Пха для президента

Кровная месть (пха) как политический инструмент в борьбе с властью—этого еще не только в Ингушетии, но и на всем Кавказе, кажется, не было. При том что род Магомеда Евлоева— владельца сайта «Ингушетия.ру», убитого местными силовиками,—никому пха не объявлял

 


Юрий ВАСИЛЬЕВ, Ингушетия—Москва

Гибель Магомеда Евлоева вызвала новые митинги против убийств и похищений людей силовиками ИнгушетииВ прокуратуре Ингушетии, где главным Юрий Турыгин, отмечают небольшую, но победу. Сайт «Ингушетия.ру», против которого гособвинение незадолго до смерти ингушского оппозиционера Магомеда Евлоева выиграло несколько судов (экстремизм), на прошлой неделе наконец закрыли. Правда, материалы сайта—и уже старые, и совсем свежие—теперь можно найти по другому, похожему интернет-адресу. Но Юрий Николаевич как убежденный законник считает, что «прокуратура все, что могла, на этом этапе сделала» и что «главное—процедура».

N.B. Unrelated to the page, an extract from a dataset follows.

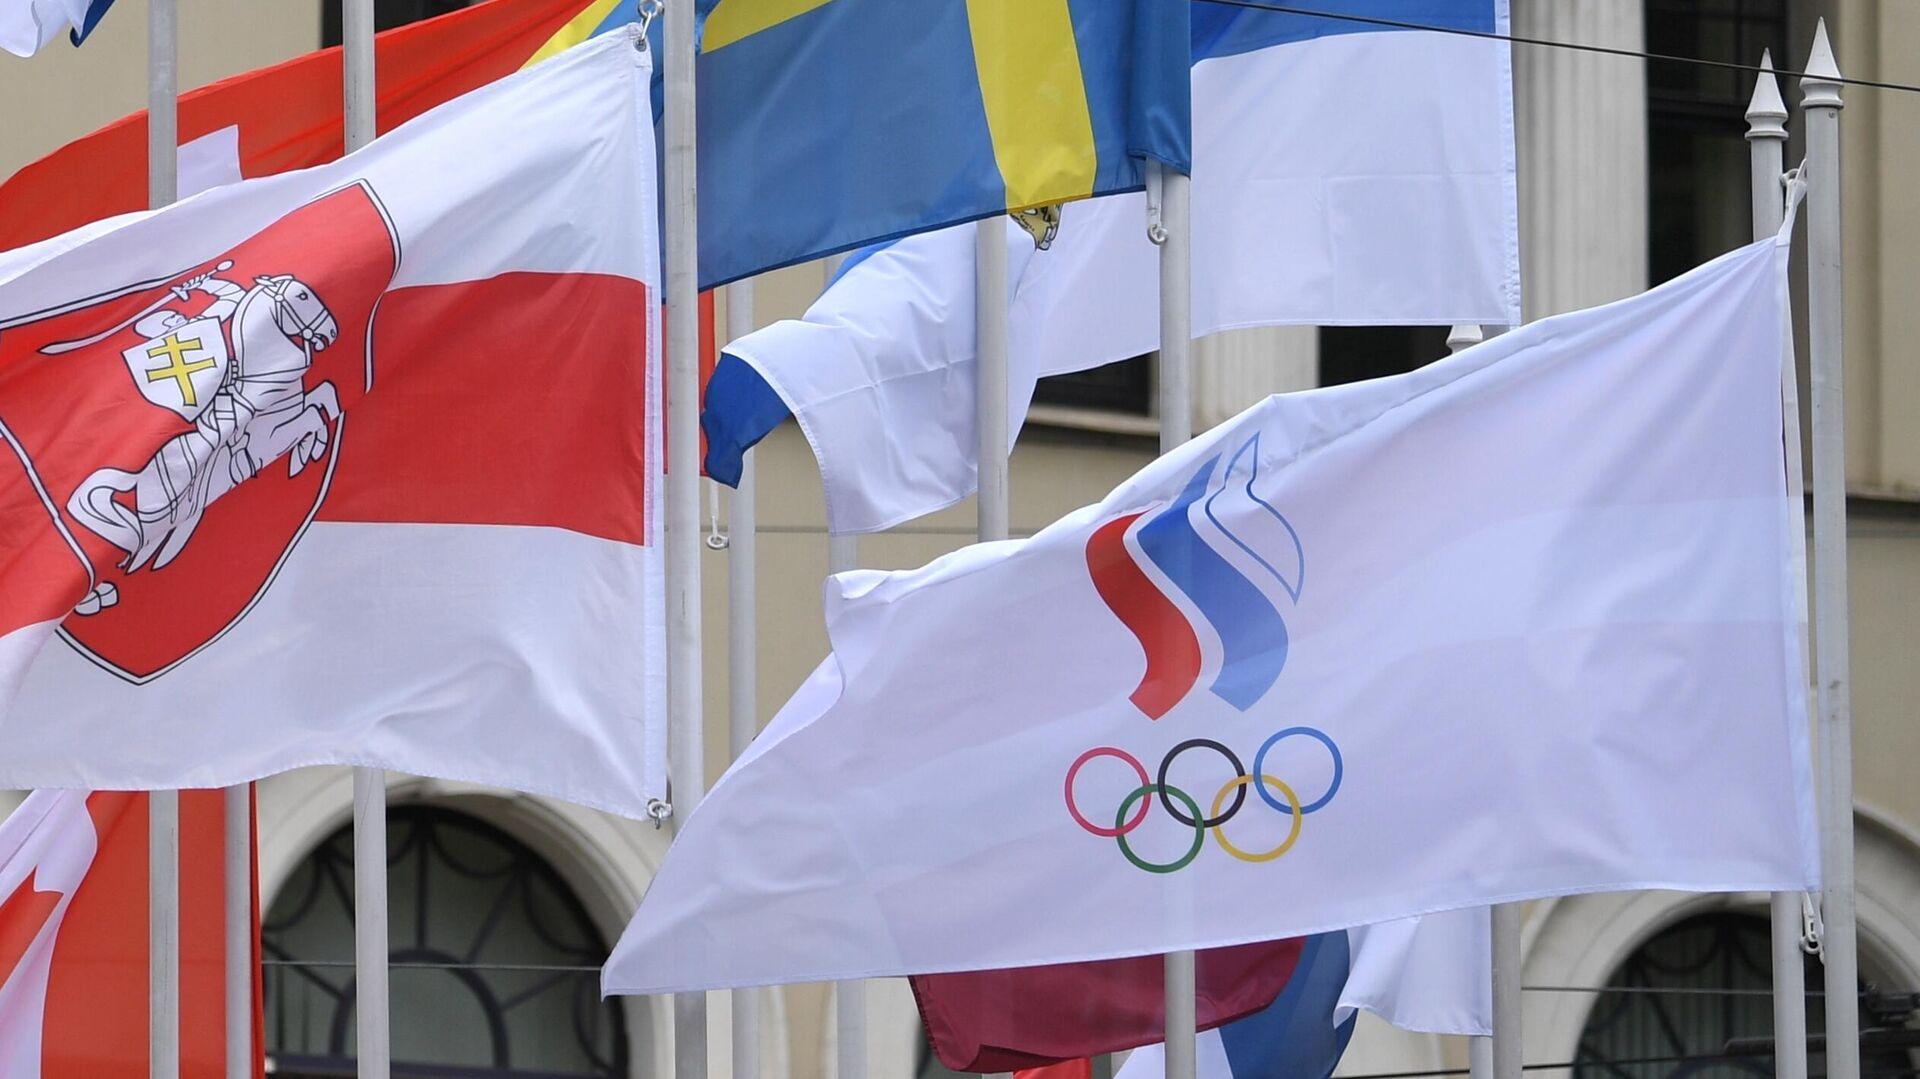 В Госдуме предложили ответить Латвии запретом рижских шпрот

Висят на сайте и 14 фамилий—от президента Ингушетии Мурата Зязикова и республиканского министра внутренних дел Мусы Медова до начальника охраны министра Ибрагима Евлоева. Те, кому якобы объявлена кровная месть за покойного владельца сайта—Магомеда Евлоева, после задержания в аэропорту Магас погибшего в милицейской машине от выстрела в голову почти 40 дней назад. С самопровозглашенными кровниками с сайта «Ингушетия.ру» прокуратура тоже решила быстро: усмотрела статью 119 УК «Угроза убийством» и отдала в МВД Ингушетии на первичное расследование. Не совсем корректно—с учетом того, что в списках кровников оппозиции сплошь люди из внутренних дел. Но статья не из особо тяжких.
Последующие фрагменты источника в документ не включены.